Of its many artistic traditions, perhaps the one the Japanese are most conflicted about is irezumi, or the art of tattooing. Dating back to the pre-historic Jomon period (roughly 5,000 BCE), the art of irezumi – which literally means “injecting ink (zumi)” – has a long and complicated history.
Irezumi, also called horimono, has gone in and out of cultural favor in Japan, and even its legality has ebbed and flowed: It was illegal from the Meiji Restoration in 1868 until after World War II…but only if you were Japanese. It is currently legal, and experiencing a bit of a popular renaissance as in the rest of the modern world. But tattoos are still considered distasteful by the majority of Japanese. Many establishments, particularly onsen and sento (public baths), still ban those with visible tattoos.
But attitudes are changing as younger Japanese adopt Western styles and attitudes, and Japan’s unique contributions to this art form are showcased everywhere from Ed Hardy’s down-market merchandise to museums in the United States and Europe. Like it or not, tattooing is a cultural phenomenon, and Japan, despite its conflicting attitudes, is a crucial part of the story.
Tattooing was originally done by the proto Japanese of the Jomon period, Japan’s pre-history, and survived into the first millennium BCE as decoration of warriors and various craftspeople. Some women were also thought to have worn tattoos as talismans against evil. But as Buddhism and Confucianism entered Japan from China in the 600s and 700s CE, Chinese cultural prejudices against such body decoration infiltrated Japan, and tattoos fell out of favor. Soon, they were used mostly to mark criminals and other undesirables.

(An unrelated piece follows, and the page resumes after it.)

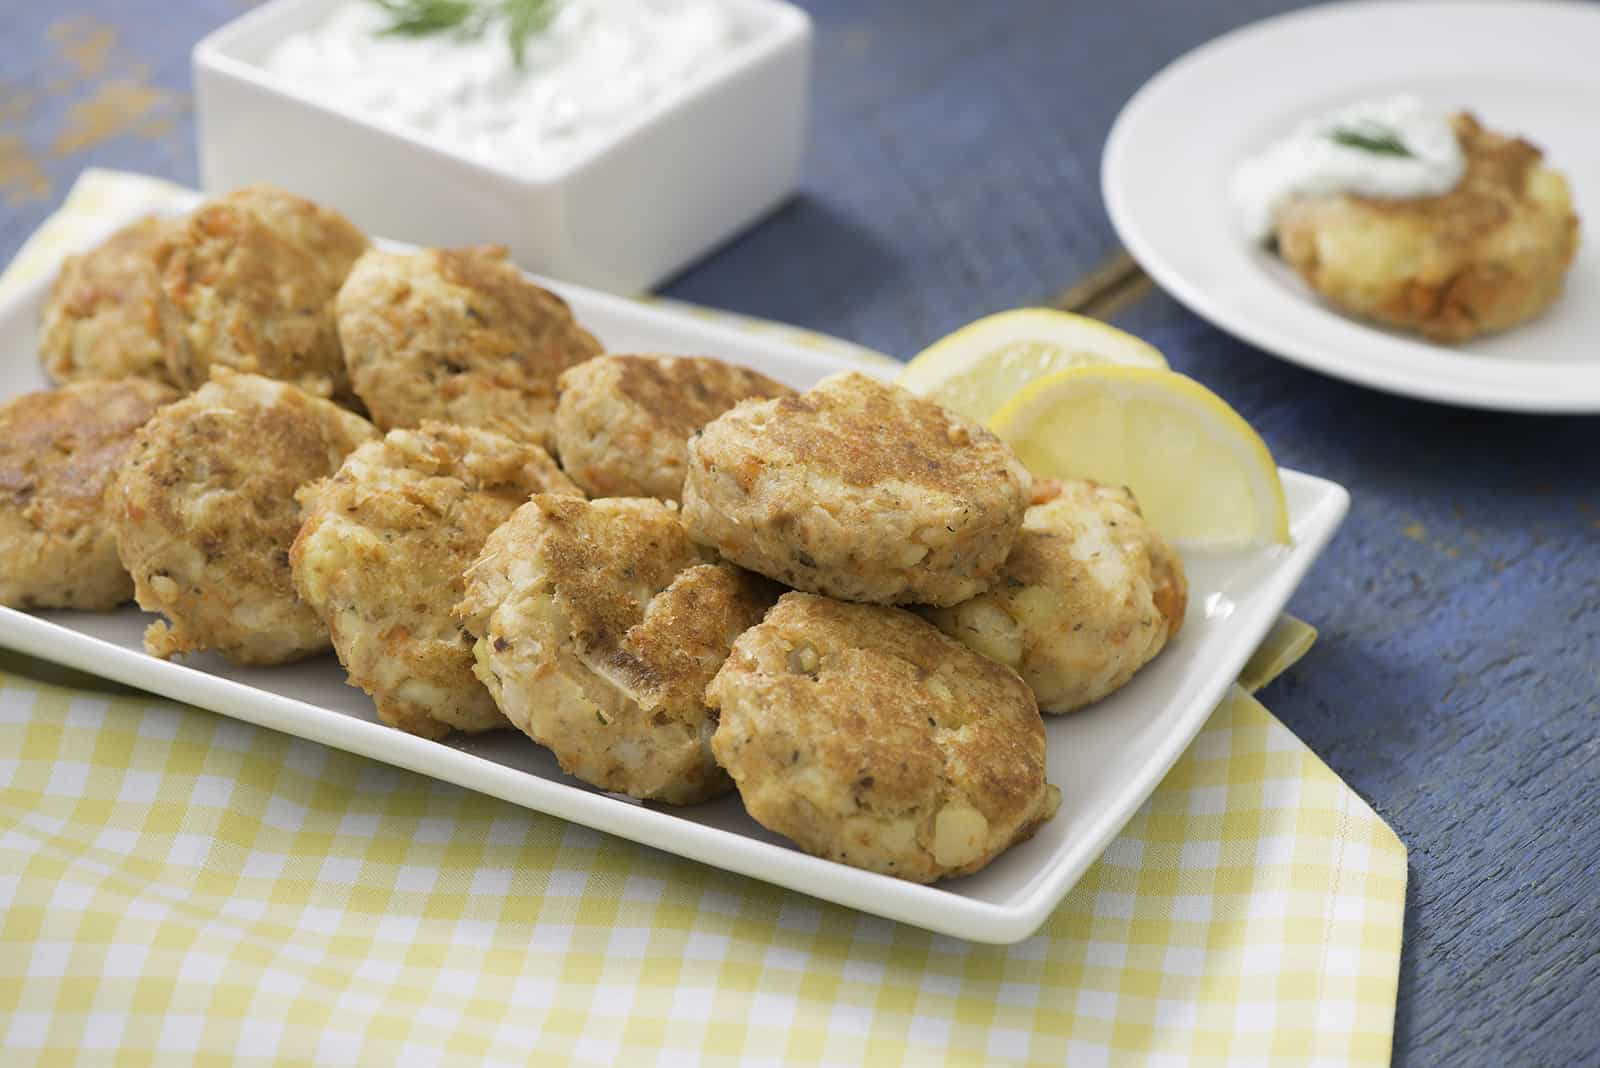 Find these Salmon Cakes and more in this recipe roundup for Seafood Nutrition Month on the Street Smart Nutrition Blog in partnership with Seafood Nutrition Partnership

Nevertheless, the art of irezumi continued to grow, and by the beginning of the Edo period (1600 CE), it was an established decoration for firefighters in particular, indicating their courage and strength, though coal miners, samurai, gamblers and others adopted them as well. Some of the patterns typical of irezumi even now – dragons, tigers, flowing water, koi fish and cherry blossoms – were well established.
At the time, the tattooing technique was a slow, painful process using a special ink from Nara that turned blue-green when poked into the skin. Association with the ukiyo-e woodcuts of the early Edo – which used many of the same images – also lent Japanese tattooing its other name: Horimono is based on the word hori, meaning “to engrave.”
During the middle-Edo period of the 18th century, the translation of the ancient Chinese book Shui-Hi-Chuan (in Japanese, Suikoden) created a craze for tattooing, as the Robin Hood-like outlaw-heroes of the book were heavily tattooed. An illustrated edition in the late 1700’s displayed new tattoo designs of the book’s heroes, and body tattoos became popular – but still mostly among the lower classes.
Criminals, who had originally been forced into tattoos – a well-placed kanji character warned anyone with eyes that the tattooed man was a thief, or worse – soon added more, bigger tattoos that covered their original branding. This ultimately led to their use by the modern era’s gangsters, the infamous yakuza, which further heightened association of tattoos with criminality. (Today’s yakusa reportedly don’t have as many tattoos, as they are a sure giveaway.)
When Japan opened to the West with the Meiji Restoration in 1868, tattoos were quickly banned, since the leaders of the rapidly-modernizing country didn’t want the western world to see their nation as primitive, and ripe for colonizing. This only further reinforced the image of tattooing among the Japanese as criminal, low class and generally undesirable.
Tattoos didn’t carry the same negative baggage for foreigners arriving in Japan, and in addition to sailors and merchant seamen, several prominent Western figures got these indelible souvenirs of a visit to Japan. Britain’s Prince Alfred (Queen Victoria’s son) got two large dragon tattoos on his arms, and Russia’s last tsar, Nicholas II, also got inked. Another early tattoo fan was reportedly the Archduke Franz Ferdinand, whose 1914 assassination would plunge Europe into World War I.
During World War II, young Japanese men got tattoos because they thought the stigma might keep them out of the military, but after the war, the American occupiers who wrote Japan’s modern Constitution allowed tattooing as a form of freedom of speech – and as a practical matter, many American troops sported tattoos already. But tattooing’s low-brow image was fixed in the Japanese imagination. While acceptance is growing, a 2018 survey by Japan Tourism Association found that a majority of Japanese associate it with criminality and say that tattoos scare them. Workers are still docked pay for exposed tattoos, and students disciplined. A majority of onsen owners still have policies against tattoos in their pools, though many flout those rules. Old attitudes and associations continue to dog tattoos.
Nevertheless, the number of tattoo parlors, while small, is growing, and the art form – characterized by whole arm, leg or even torso designs, of dragons, tigers and cherry blossoms – has spread worldwide. There’s even the Yokohama Tattoo Museum south of Tokyo, and expectations are that with increasing tourism, and growing numbers of tattooed tourists, discrimination against tattooed people will slowly disappear.
After all, cultural attitudes change; tattoos are forever.